Offenders Rights; State Sanctioned Victimisation
..:: For immediate release ::.. 11/09/2014
Offenders
Rights; State Sanctioned
Victimisation
New Zealand’s largest advocacy group supporting victims and families of violent crime is dismayed at the treatment of victims in their quest for knowledge regarding those who have offended against them.
The Sensible
Sentencing Trust is angry that repeated requests for
information on offenders by their victims is being routinely
denied and sees this as an erosion of the few rights
attributed to victims to protect the rights and privacy of
the offender.
Spokesman for the Trust, Graeme Moyle says “the Sensible Sentencing Trust works with these victims on a daily basis, we see the pain they endure, emotional and physical, as a result of murder, rape or other serious violent crime, they go through hell, they’re disempowered by the judicial system and agonise over lenient sentences imposed by the courts”.
“This situation is exacerbated should the offender be detained under mental health legislation”.
The family of Christie Marceau, killed by Akshay Chand in 2011, requested information regarding Chand and the safety risk he poses prior to fronting the parole board yesterday but were denied any information due to privacy constraints.
“This family, in preparation for Chands parole hearing, requested perfectly reasonable information regarding their daughter’s killer in relation to his progress and the safety risk he now poses” Moyle said, “they were denied at every turn, firstly by the Department of Corrections, the Mason Clinic, the Waitemata District Health Board, Ombudsman and finally the Parole Board”.

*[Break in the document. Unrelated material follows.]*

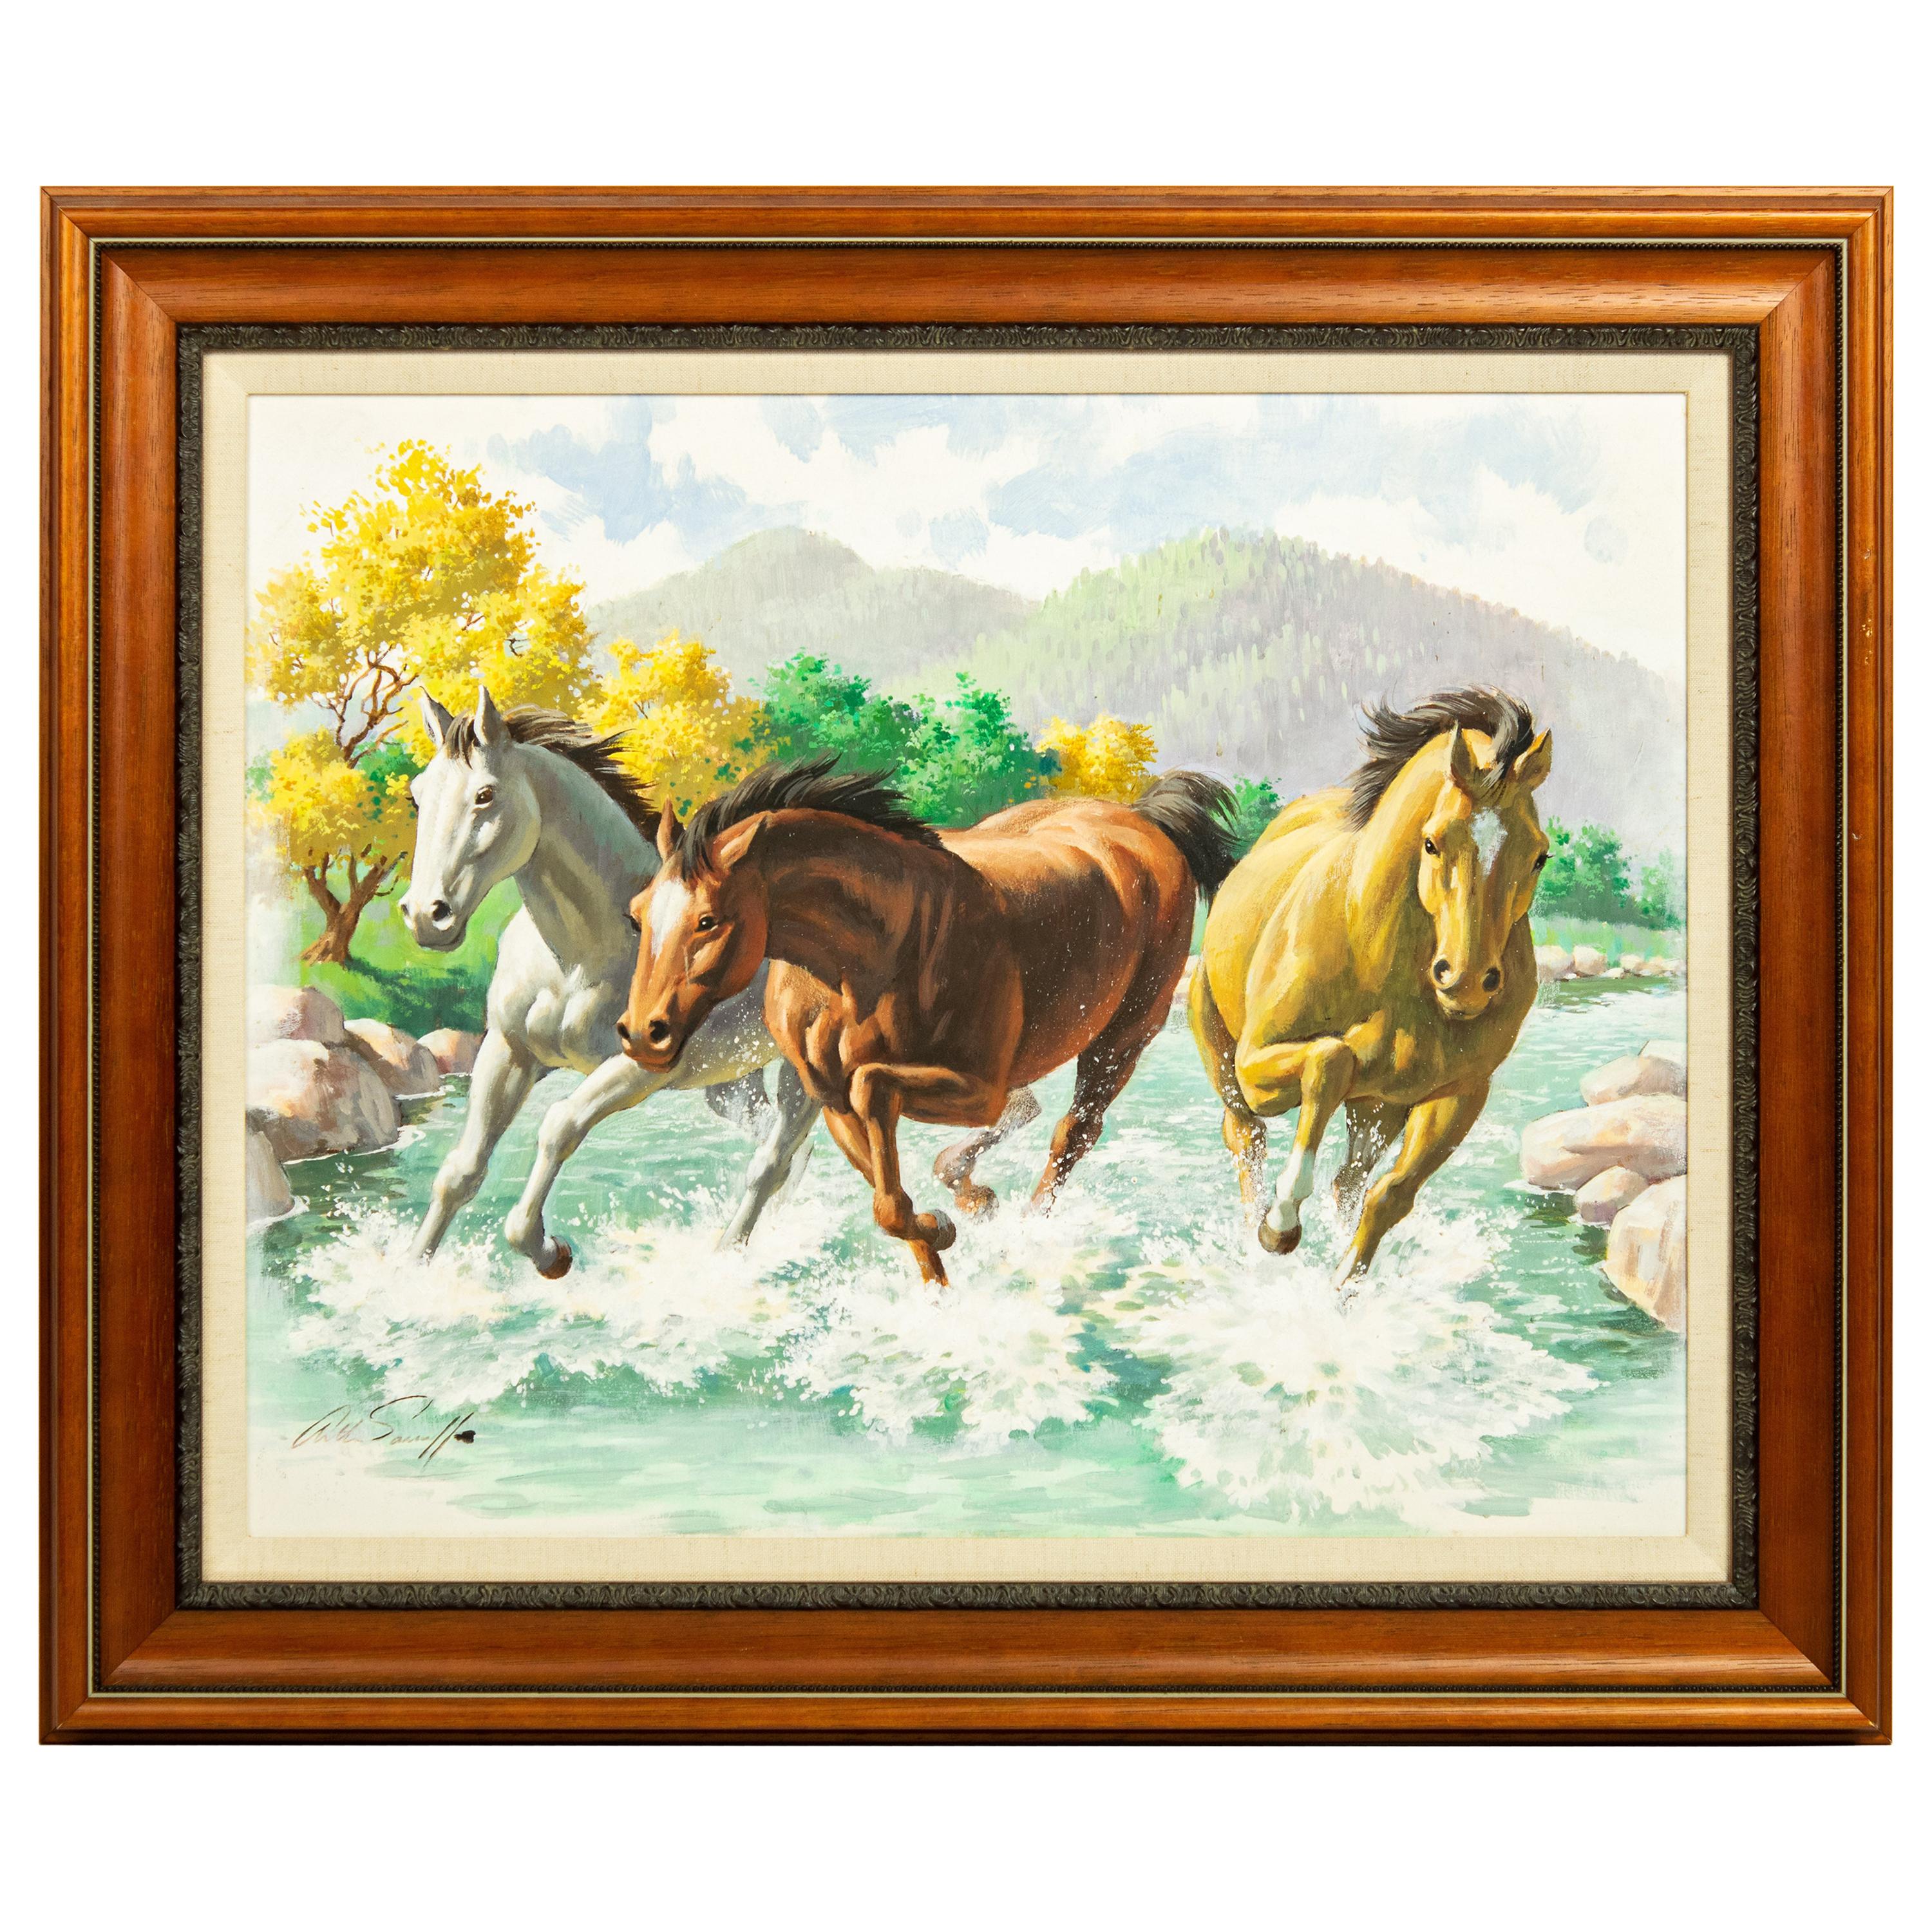 Peinture originale sur panneau d'Arthur Saron Sarnoff représentant des chevaux courant dans un ruisseau

“Privacy legislation plunged the blade into this already damaged family and bureaucrats twisted the knife”.
“Privacy laws in these situations are nothing more than state sanctioned victimisation and another example of offender rights superseding those of the victim”.
“A humane society would recognise there needs to be a balance between offender privacy and a victims right to information, at present the scales are weighted completely in favour of the offender, more weight needs to be applied to the victims side” Moyle said.